The Painted Grasshopper

Cicada Song

Cottonwood

Cottonwood Beetles

At the Back of the Backyard

Grappling

Episodes

Sitting In The Car Outside Walmart While My Wife Returns A Christmas Present

The Turtle

If Murphy Is Right

Divorcing T.V.

A Poem About Being Fat

The Heat Sign

Don’t Be Sad

Bridge Across Lake Lavon

Jumping to Conclusions

The Game On

Chill

14

Shock

Organizing the Debris

The Table

Dream Fragments

Not News

Missing

Fragment of a Lament

Hard Hearing

Talking About Losing

Five Missing Lullabies

Four Prayers

Warning

The Wrestler

Abandon

Fear At Burger King

Approaching The Hawk

Seagull

Two Ghosts

Cave

Killing Words

On Violence

Love/Work/War

Waiting For The Doctor

Doctor Jude Sings A Requiem

Dragging

The Insomnia War

What I Want For My Birthday

P.C. Jazz

For Now


Bio


Acknowledgements


The following poems were previously published in the following magazines, journals, and websites:


“Two Ghosts” in The Distillery: Artistic Sprits of the South.

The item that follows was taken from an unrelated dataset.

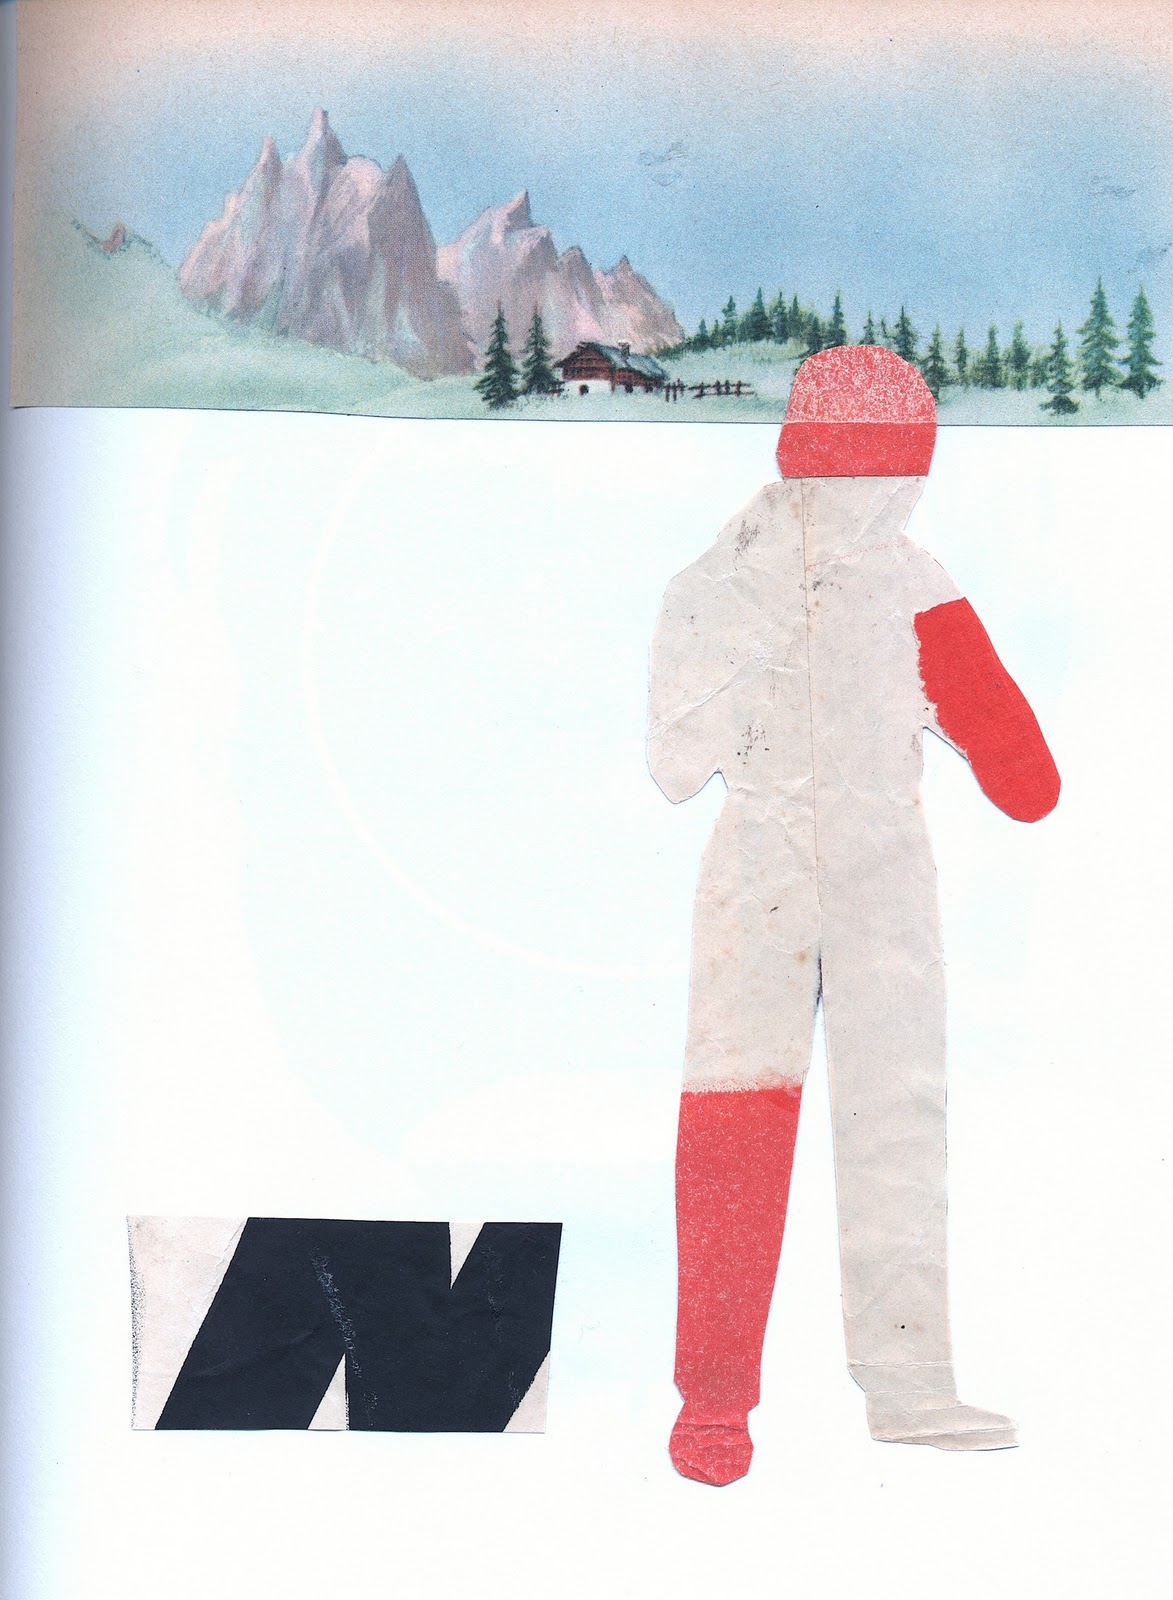 MATTHEW ROSE STUDIO: Gestalten's Cutting Edges: Contemporary Collage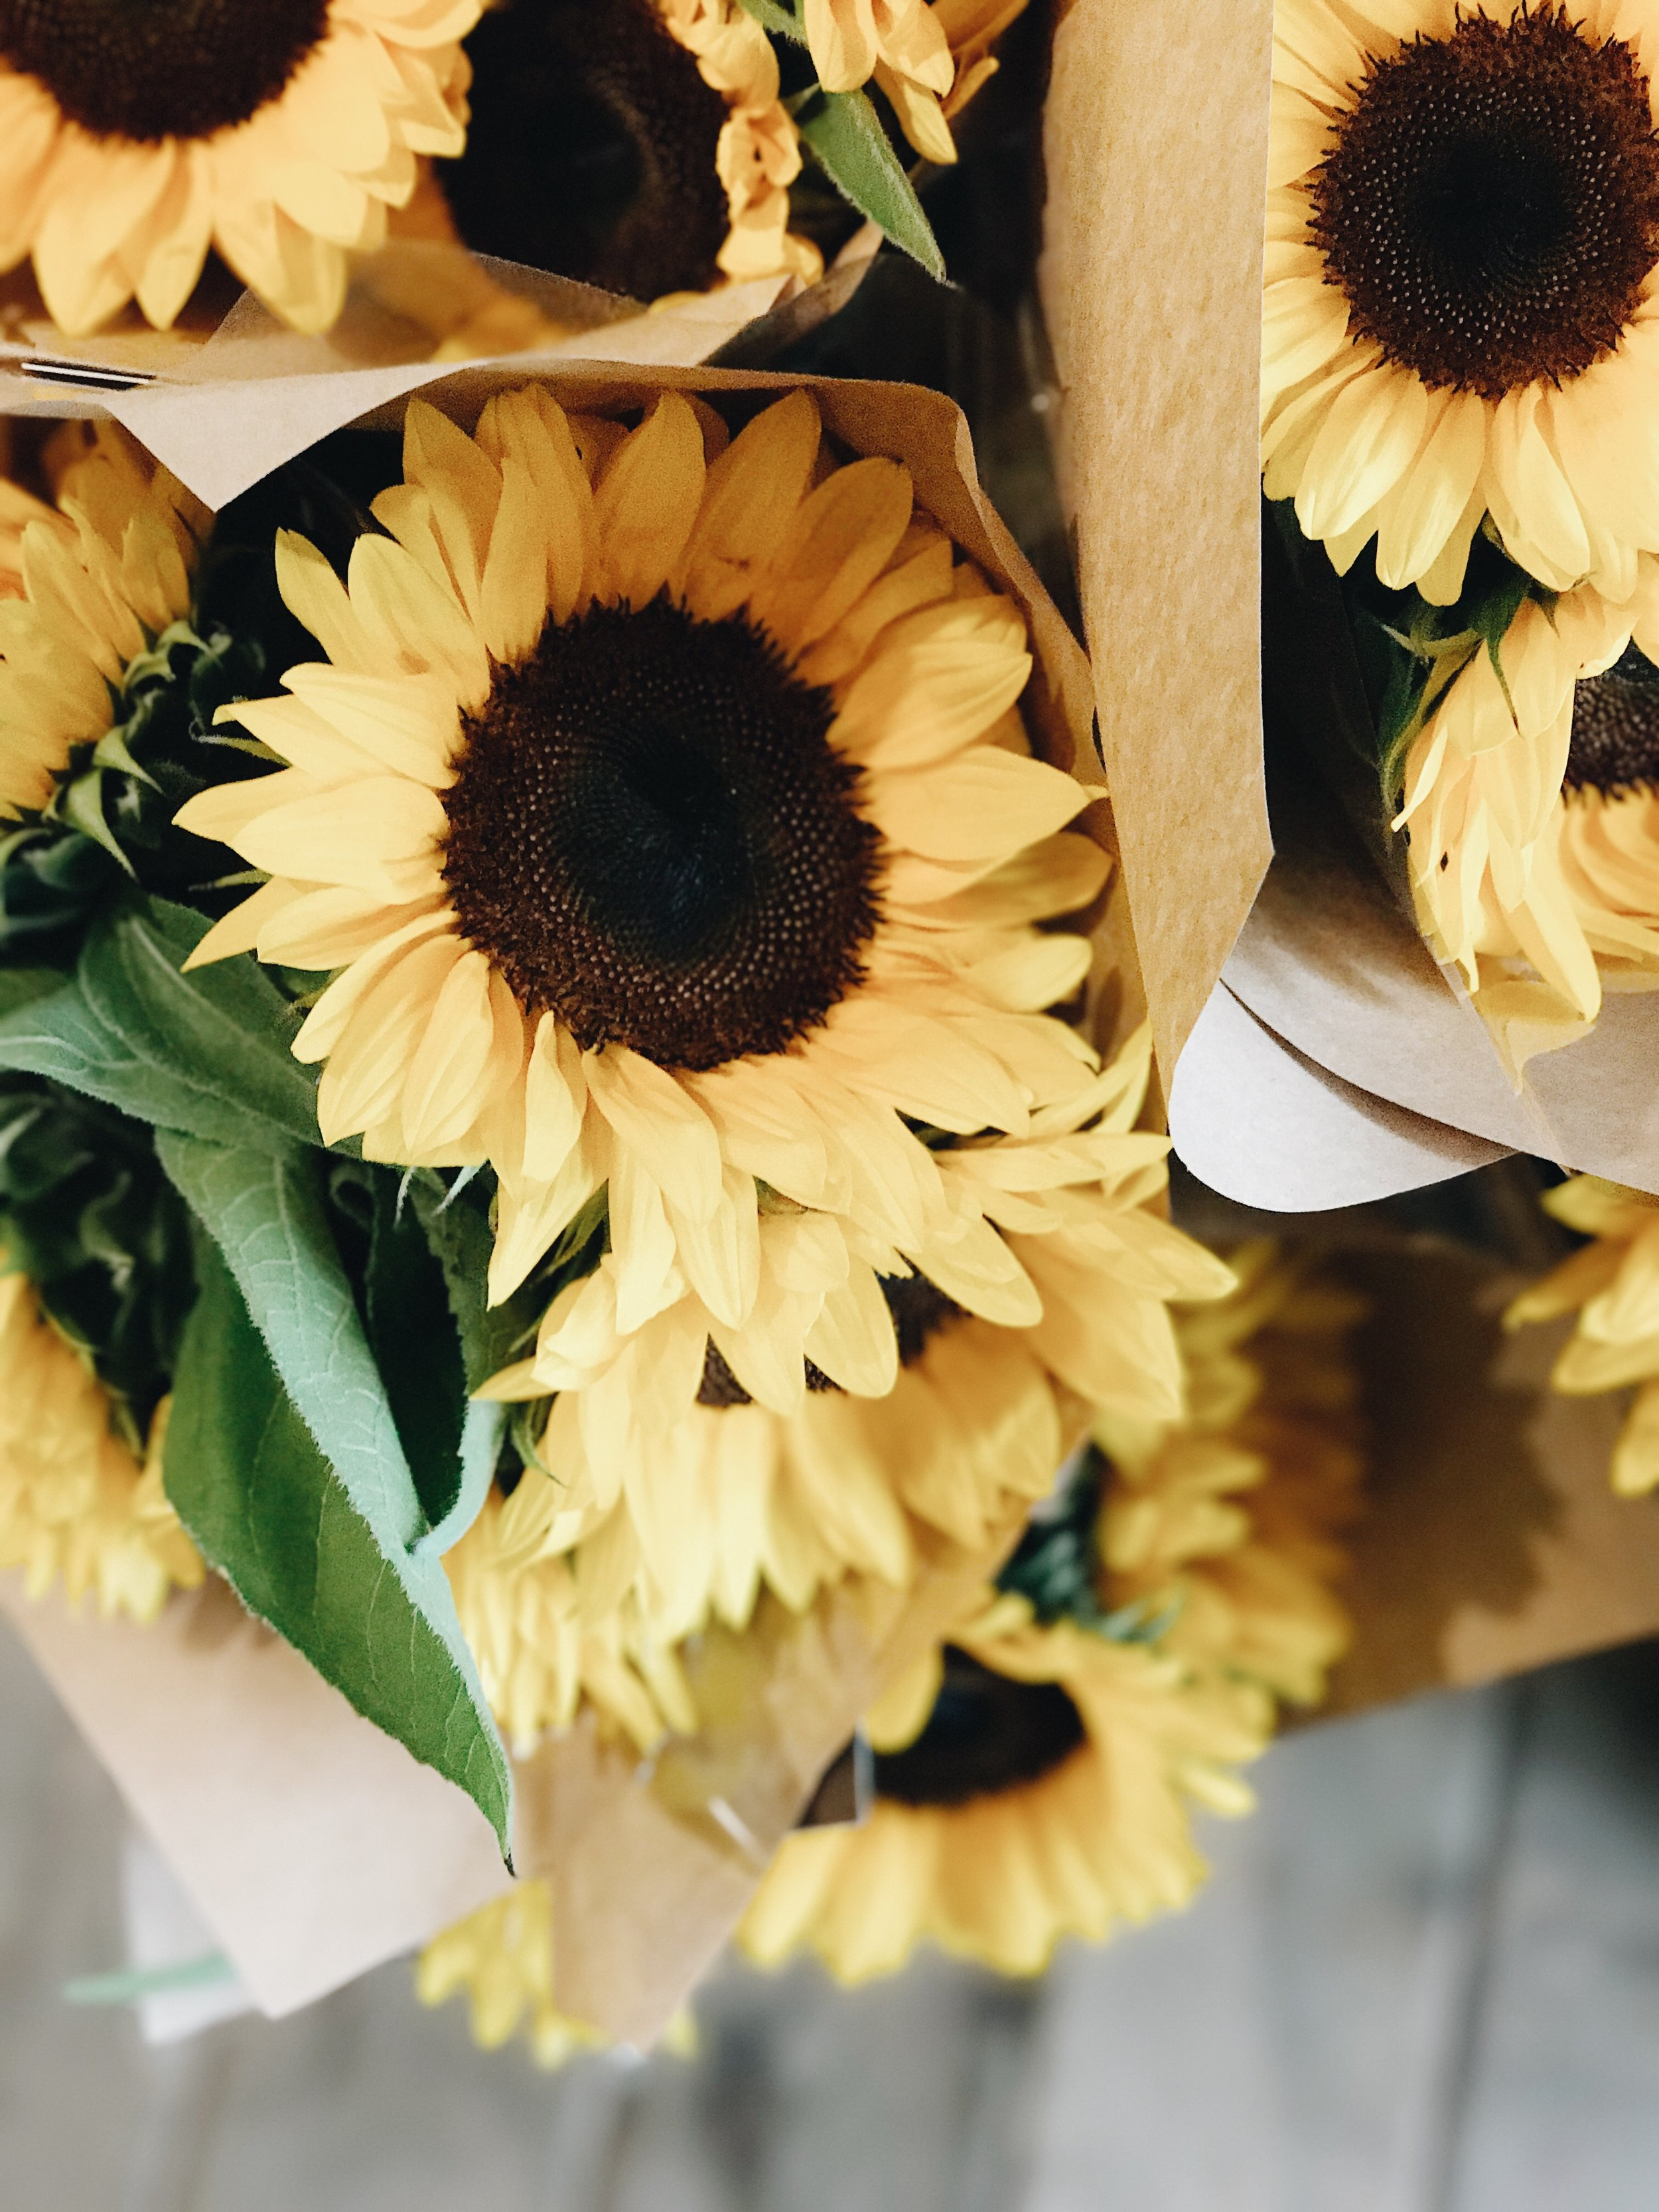 Fall Flowers 101, Yellow Sunflowers, Nyla Free Designs Inc.

“A Poem About Being Fat” in Our Journey.

“Dream Fragments” in Pudding Magazine.

“What I Want For My Birthday” in Illya’s Honey.

“Grappling” in Lynx Eye.

“Jumping to Conclusions” in Concho River Review.

“The Painted Grasshopper in Borderlands: Texas Poetry Review.

“Midlife” and “Missing” in The Alternative.

“Hard Hearing,” “Five Missing Lullabies,” and “If Murphy Is Right” at The Electric Mayhem (online).

“Talking About Losing” at Liberty Hill Poetry Review (online).

“Fear At Burger King” at Chronogram (online).

“The Heat Sign” at The Mid-South Review (online).

“On Violence” at Poets Against The War (online).

“At the Back of the Backyard” at dotlit (online).

“The Game On” in Credenza.

"The Insomnia War" at Flutter (online)

"Cottonwood" at The Adroit Journal (online)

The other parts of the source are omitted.